An important caveat regarding the availability of options needs to be made at this point. Parallels between two texts may simply indicate syntactic or lexical constraints. However, as Lyons makes clear, “if a locution shared by two texts could have been selected from a number of semantically equivalent locutions, it is more likely to be the result of a purposeful and conscious choice.”[82] Thus the availability to the Legislator of suitable synonyms—for example, זן for מין, בטן or כרשׂ for גחון—suggests deliberate word choice in order to link our two texts.

A second criterion for determining intentional allusion is the presence of re-interpretation for a new context.[83] Verbatim parallels may simply illustrate that both texts are making independent use of another tradition.[84] Thus interpretative reuse is stronger evidence of deliberate connection.
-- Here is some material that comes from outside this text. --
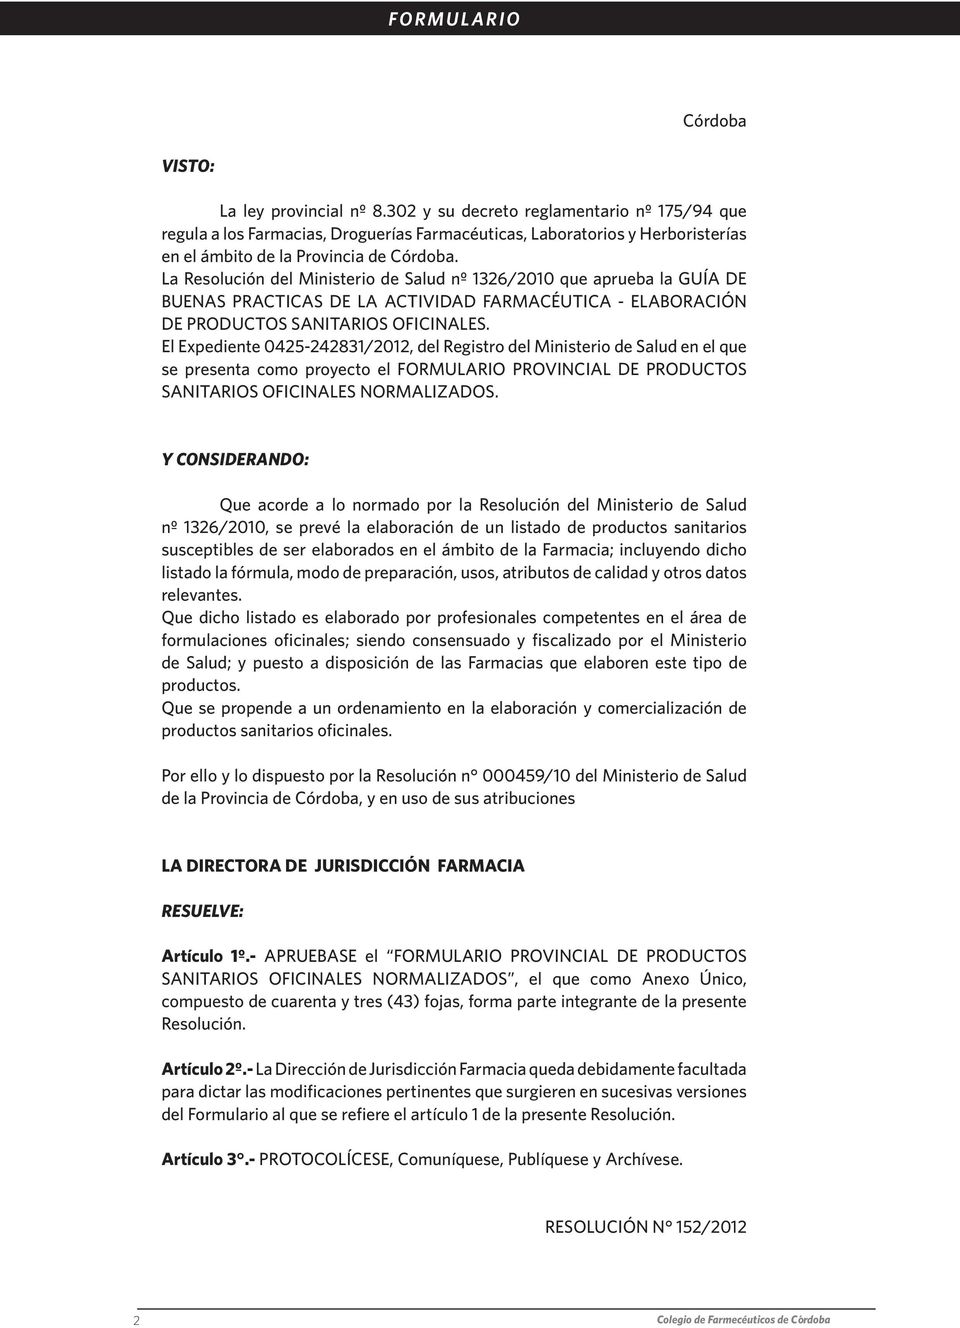 La Resolución del Ministerio de Salud nº 1326/2010 que aprueba la GUÍA DE BUENAS PRACTICAS DE LA ACTIVIDAD FARMACÉUTICA - ELABORACIÓN DE PRODUCTOS SANITARIOS OFICINALES.

Michael Lyons notes that such “creative interaction” can take numerous forms: “an author can interpret an earlier text, use it as a basis for an argument, disagree with it, or reuse its words to create a new argument.”[85]

Such reinterpretation is exactly what we find in Leviticus 11; for instance, with the unique syntactical connection formed by the combination of גחון, על and הלך. The respective forms in both texts are as follows:

על־גחנך תלך ‘on your belly you will move’ (Gen 3:14) 

כל הולך על־גחון ‘everything which moves upon [its] belly’ (Lev 11:42)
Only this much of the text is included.